N: I like the auroras in option 2! Could we take that, and remove some of the white foreground?

I don’t think this would make a good flag, but it is a very interesting image!

N: That flag is cool, let’s try a different take. What if I wanted to include the state bird (the loon) in the flag?

N: I like the first option you included. could you create several variants of that?

Fall Foliage Family

N: I would like to pivot away from flags, and just capture Minnesota up north scenery. Could you give me an image of a path through the woods with beautiful fall foliage?

N: I would like the pictures to be a bit more realistic, and zoomed in. Show some of the individual leaves.

Here, Dall-E3 did a good job of zooming in and showing individual leaves. I had hoped to capture individual leaves on trees (rather than mostly focusing on fallen leaves on the path), but instead of specifying this, I decided to just add a family to the image. This decision was partly based on my flag experience: I decided that being overly prescriptive was not helpful, and figured that in the process of adding the family, Dall-E3 would probably refocus away from the ground. This turned out to be correct.
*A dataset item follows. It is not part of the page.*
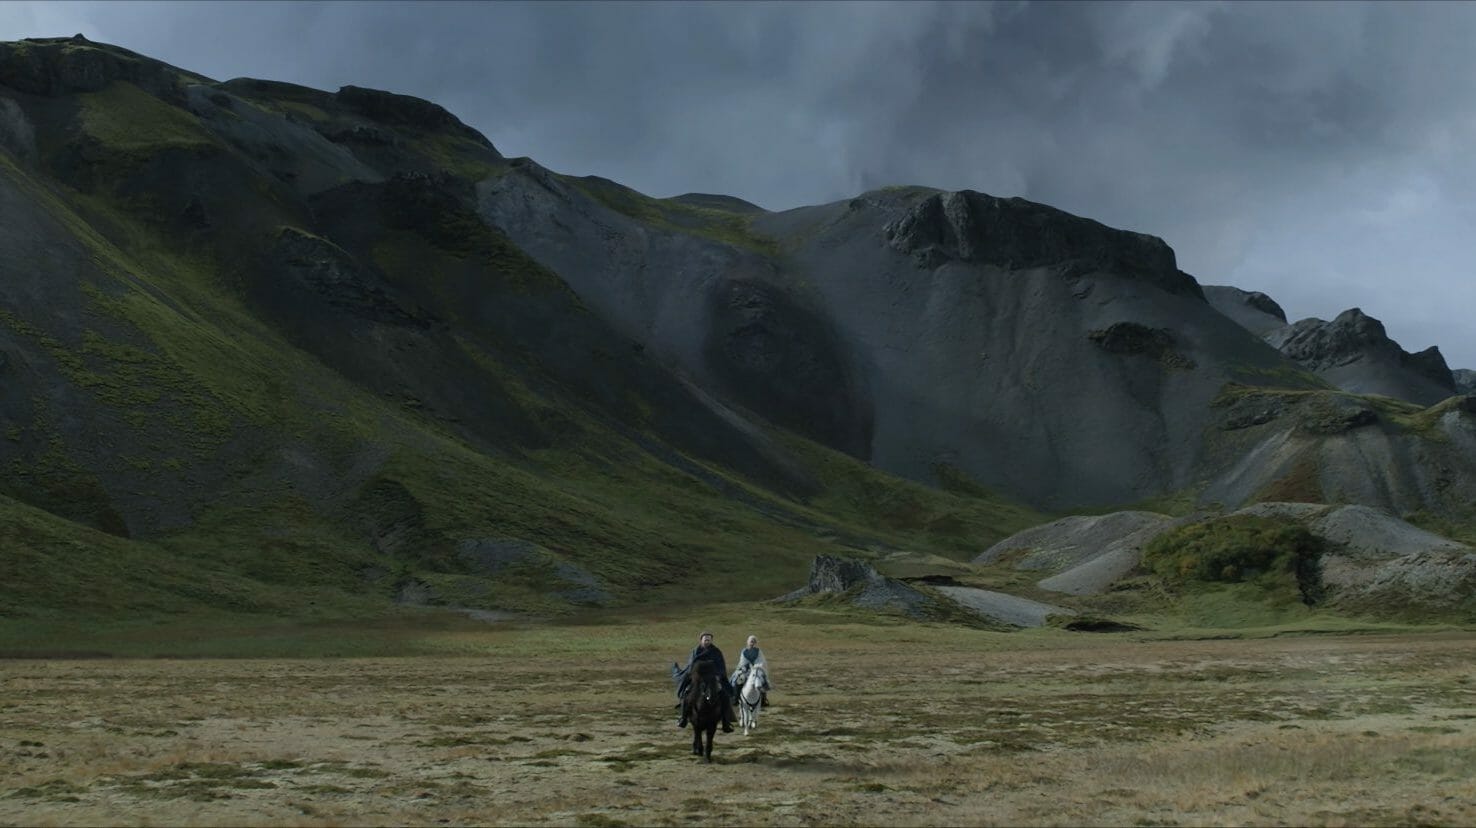 Alexander Skarsgård and Anya Taylor-Joy ride black and white stallions in front of dark charcoal mountains on Iceland's wide open grassy fields in THE NORTHMAN.

N: Can you add a family of three to the path? (A mother, a father, and a small girl, all with dark hair)

N: I like the first one the most – you did a very nice job with the trees! Could you try several variants in which the family is wearing different fall-appropriate clothing?

These images were further from what I wanted, and in addition, we got an apparent violation of their “content policy.” I have no idea what this policy is, or how the image Dall-E3 produced violated it.

N: The second image is nice, but can you make all three people have dark hair, and be facing away from us?

N: Good, but now the image looks sort of cartoonish. I would like the forest to be a bit more realistic-looking.

N: Better! Can you make the image a little brighter, as though it is a bright sunny and clear day?

N: That’s a cool effect! Could you zoom in slightly, and add a few maple trees?

N: Here, the path is wide and straight. Can you make it more of a hiking trail? It should be made of dirt, a bit winding, and less wide.

Here, GPT-4 says there are three people, but in fact there are four. As you will see, this type of issue recurs several times in the subsequent iterations. This is similar to the issue I had with the flag, where GPT-4 described one or two wavy lines when there were actually three.

N: That looks great! But now there are four people in the picture – could you go back to a mom, a dad, and a small girl?

N: Now it looks like a mother with two children, and no father. Could you make the father taller than the mother?

N: Great, thanks! I’ve noticed that you have included four people again: an older son and a younger daughter. Could you create two more images, one with just the daughter, and one with an older daughter and a younger son?

N: Thanks! For the second photo, with the family of four, could you add some aspen trees with yellow leaves?

N: The aspen are beautiful, but it’s now a family of five. Can we go back to four?

N: Beautiful! Now it’s almost all aspen and pine. These are good, but could we add in some red/orange maple?